(related to Algorithm: Get the Cut Vertices and Biconnected Components of a Connected Graph)
We only provide a sketch of a proof:
The central idea of the proof can be understood by studying the example in the next figure, which shows schematically a connected graph with \(5\) biconnected components \(G_1,G_2,G_3,G_4\) and \(G_5\). The vertices \(x_2,x_4,x_6,x_8\) are cutvertices.

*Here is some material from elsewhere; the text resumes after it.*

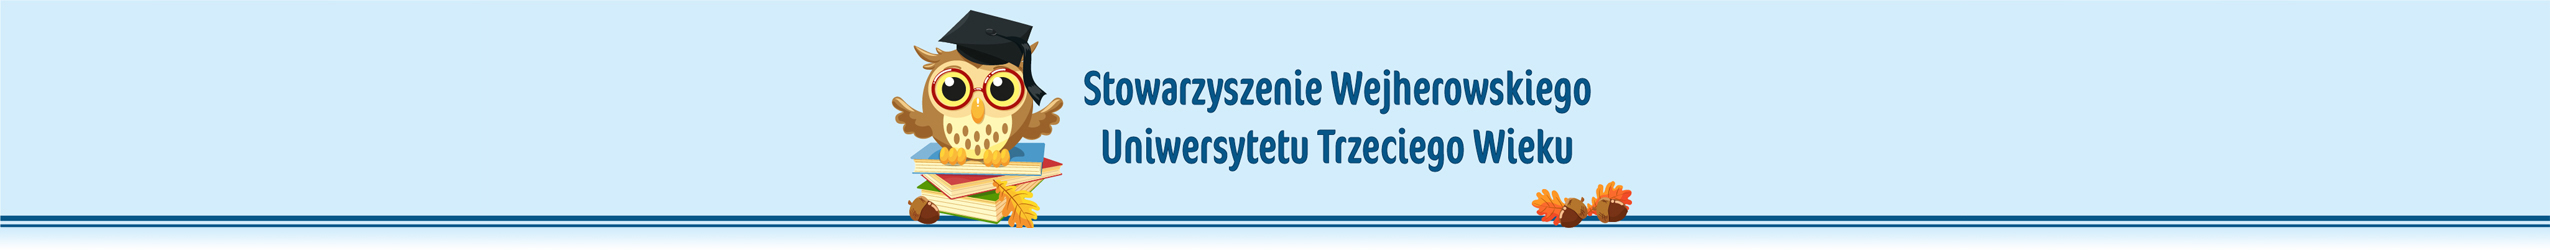 SWUTW - Stowarzyszenie Wejherowskiego Uniwersytetu Trzeciego Wieku
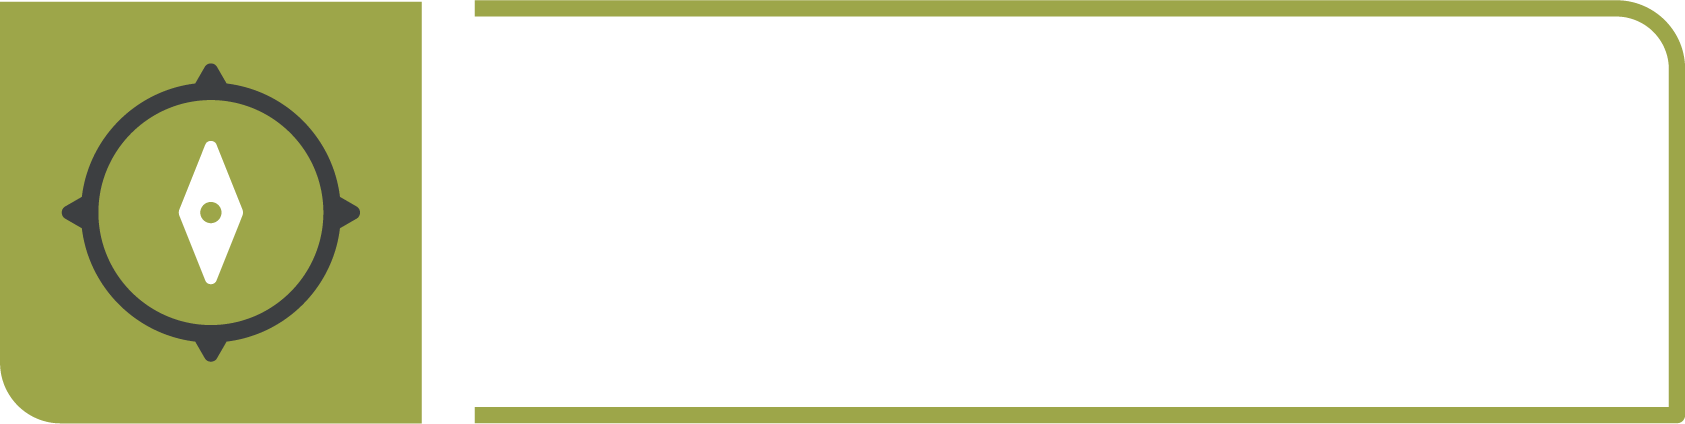 Een camper huren in Groningen? Wij verhuren enkel luxe en compleet uitgeruste campers.

Imagine, we start the depth-first search (DFS) at, say, some vertex \(x_1\) in \(G_1\) and pass to a vertex \(x_3\) in \(G_2\) through the cutvertex \(x_2\). We might then leave \(G_2\) through the cutvertex \(x_4\) and reach the vertex \(x_5\) in \(G_3\). By the nature of the DFS, all the vertices of \(G_3\) must be traversed, before we come back to the cutvertex \(x_4\). Thus, \(G_3\) consists of exactly those vertices, which are connected to the neighbors of the cutvertex \(x_4\) in \(G_3\) such that they have been visited after the vertex \(x_4\). The check, if these neighbors have been visited after \(x_4\), is done by calculating the so-called lowpoint (see IF-command in the lines \(36 - 38\) of the algorithm).
Matters get a little more complicated, if we re-enter \(G_2\) and, without traversing it completely, enter the biconnected component \(G_4\). Like \(G_3\) before, \(G_4\) this is a dead end and we have to traverse it completely, before again reentering \(G_2\) (after identifying \(G_4\) as a biconnected component and \(x_6\) as its cutvertex.
Fortunately, because we store all visited vertices in a stack, it does not matter, if we leave again \(G_2\) without traversing it completely. By the time we have found the last biconnected component (here \(G_5\)), we will finally traverse \(G_2\) completely, returning back to the cutvertex \(x_2\).
The method described above works pretty well for almost every starting vertex \(x_1\) (root of the DFS), if it is not a cutvertex, where we would fail to identify the cutvertex properly. However, for this special case, the first vertex is cutvertex, if and only if it has two or more descendants, i.e. points in the DFS, where we have to pass through this vertex to visit more biconnected components.